Israel–Taiwan relations

Diplomatic mission
- Israel Economic and Cultural Office in Taipei: Taipei Economic and Cultural Office in Tel Aviv

Envoy
- Israel Strulov [zh]: Ya-Ping (Abby) Lee [zh]

= Israel–Taiwan relations =

Israel–Taiwan relations describe the relations between the State of Israel and the Republic of China (Taiwan), which are not official in light of Taiwan's international status, although the two countries have economic and commercial relations, and Israel has an Economic and Cultural Office in Taipei since 1993. The unofficial relations between the two countries are mainly expressed in the fields of science, trade and industry.

== History ==

The government of Nationalist China has always been sympathetic and supportive of Zionism. In 1947, China abstained in the United Nations Partition Plan for Palestine but later officially recognized Israel in March 1949 and voted in the United Nations General Assembly to accept Israel as a member state, allowing Israel to send a consul to China. The consul was stationed in Shanghai to deal with the transfer of Jewish refugees to Israel. However, when the Nationalist government moved to Taiwan, a former Qing province and later Japanese colony from 1895 to 1945, due to the Chinese Civil War, Israel's consul in Shanghai Walter Eytan stated: “According to our country's recognition policy, our recognition must be based on a pragmatic basis... There is no doubt that the government of the Republic is an effective government that controls the Mainland China." This idea established the general direction of Israel's China policy.

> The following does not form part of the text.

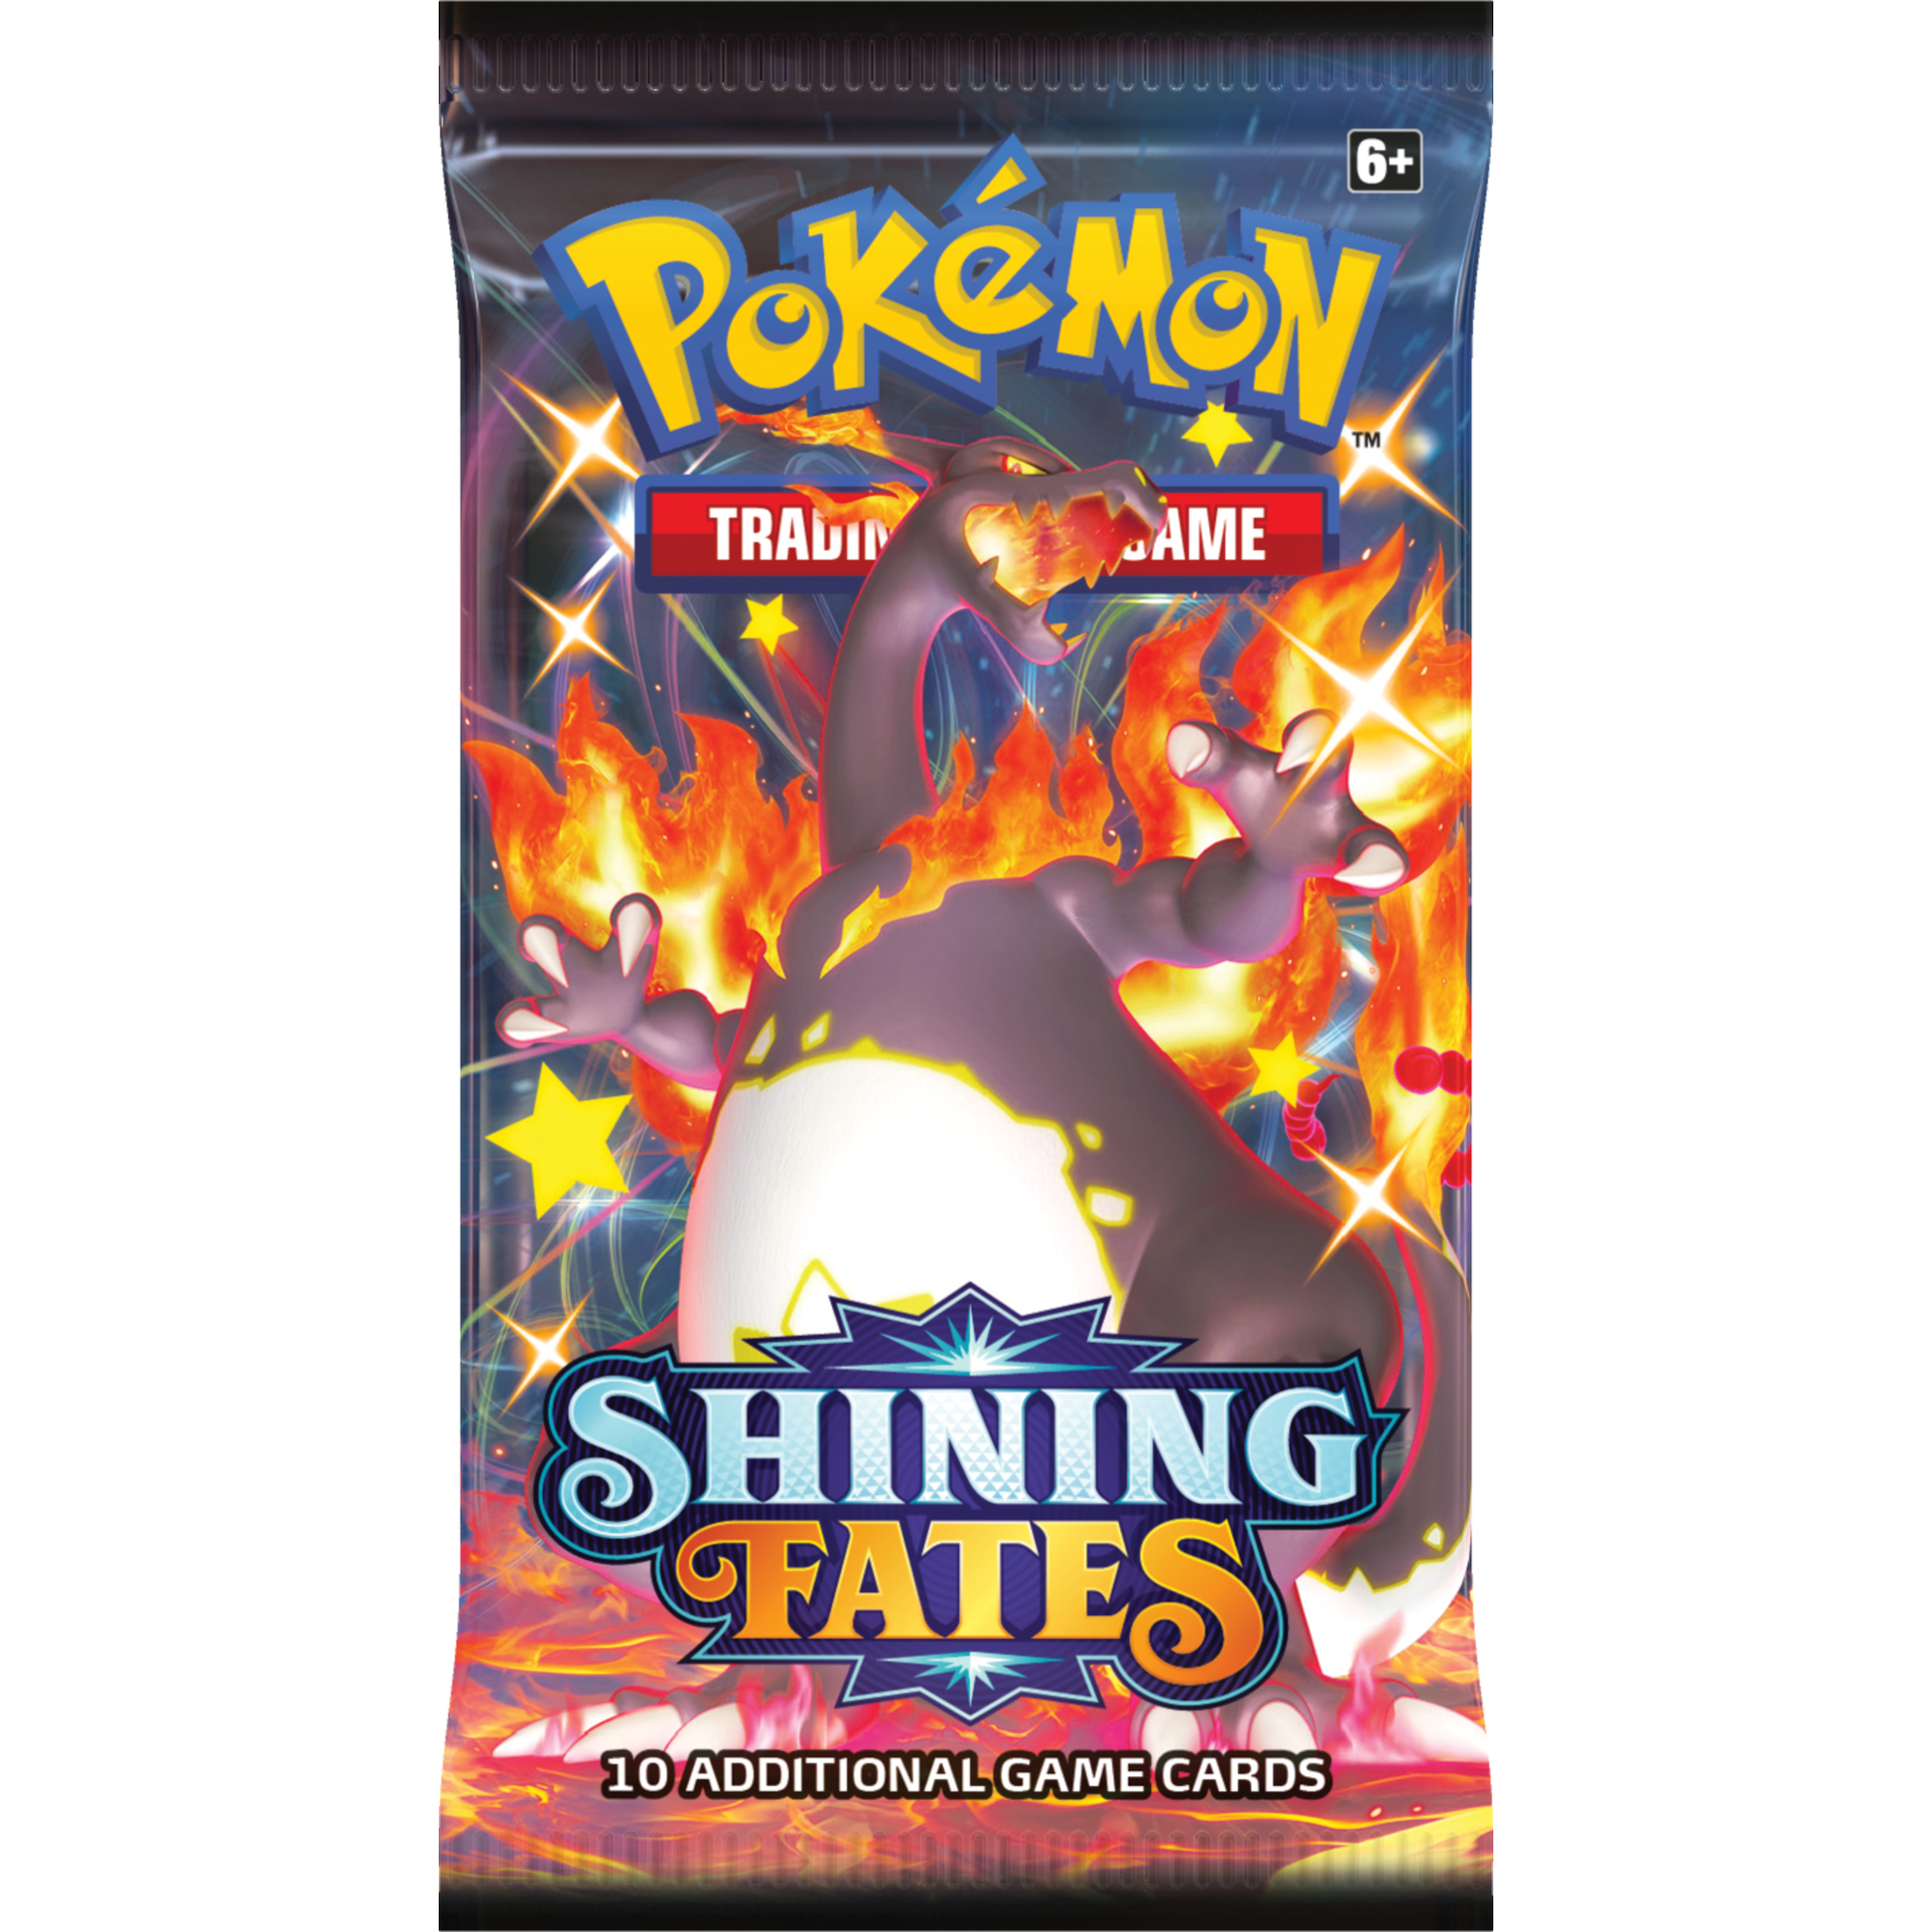  Pokémon Shining Fates Booster Pack  Local Legends Cards & Collectibles

On 9 January 1950, Israel officially recognized the newly established People's Republic of China, becoming the first country in the Middle East to do so. By then, the People's Republic of China had taken over the entire country. As a result, all existing ties between Israel and Taiwan were severed. Taiwan even refused to grant visas to Israelis.

In 1959, Israel instructed the country's ambassador to the United Nations, “Although our exchanges with Communist China are not smooth, we must try to avoid contact with the Kuomintang regime in Taiwan.” However, China did not establish diplomatic relations with Israel. During the Cold War, based on the line of opposing imperialism and export of revolution, the Chinese Communist Party supported Arab countries against Israel and maintained hostile relations with its government. It was not until 1992 that China and Israel established diplomatic relations. But even so, Israel has not established diplomatic relations with Taiwan. Based on the fact that both countries are allies of the United States, the United States has always provided military and economic support to the two countries.

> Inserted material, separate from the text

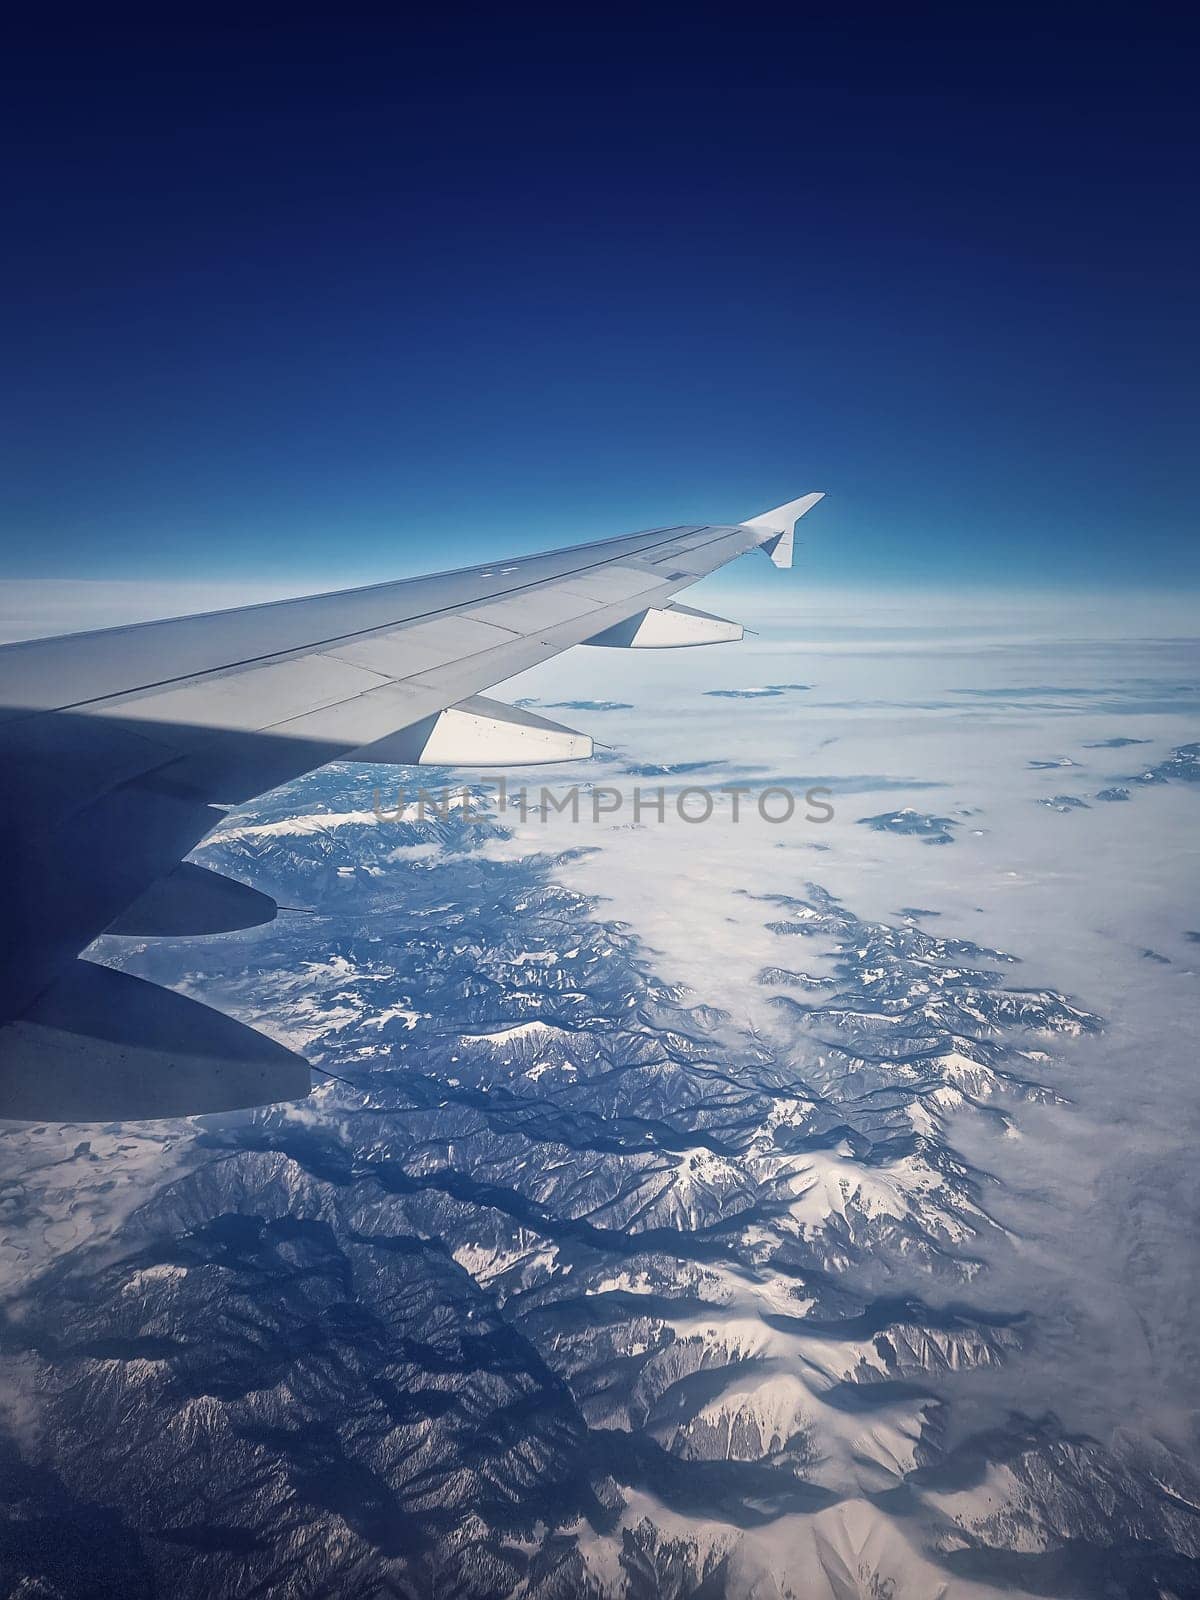 Plane flight above the Carpathian Mountains snowy peaks. Blue skyline and airplane wing seen through the window, vertical background

On 25 October 1971, Israel voted against the Republic of China's continued stay in the United Nations, that is, United Nations General Assembly Resolution 2758. In the early 1980s, Israel had diplomatic relations with only seven of the twenty-eight Asian countries. The countries that did not have any relations with Israel were Muslim or communist countries to which Taiwan was added. On 24 January 1992, Israel and China established diplomatic relations. The government of Taiwan expressed its concern and stated that “Any matter concerning my country's sovereignty and rights mentioned in the Communiqué on the Establishment of Diplomatic Relations between the State of Israel and the People's Republic of China will not be recognized. With regard to the future relations between China and Israel, our side will consider carefully based on national interests before making a decision."

On 29 March 1993, the "Taipei Economic and Trade Office" opened in Tel Aviv, and on 18 July 1993, Israel opened the "Israel Economic and Trade Office" in Taipei, thus receiving trade relations between the two countries. On 11 September 1995, the representative offices of the two parties were renamed "Taipei Economic and Cultural Office in Tel Aviv" and "Israel Economic and Cultural Office in Taipei".

In March 2002, the second Taiwan, United States, and Israel Trilateral National Defense and Security Seminar was held in Israel, inviting tripartite scholars to discuss issues of common concern such as diplomacy, national defense, and strategy, and establish a second-track dialogue.

During the "Iron Armour Combat Camp" in 2011, a photo of three students wearing Nazi uniforms was posted on the official website of the Ministry of National Defense. This incident ultimately led to an official apology to the Israeli representatives in Taiwan.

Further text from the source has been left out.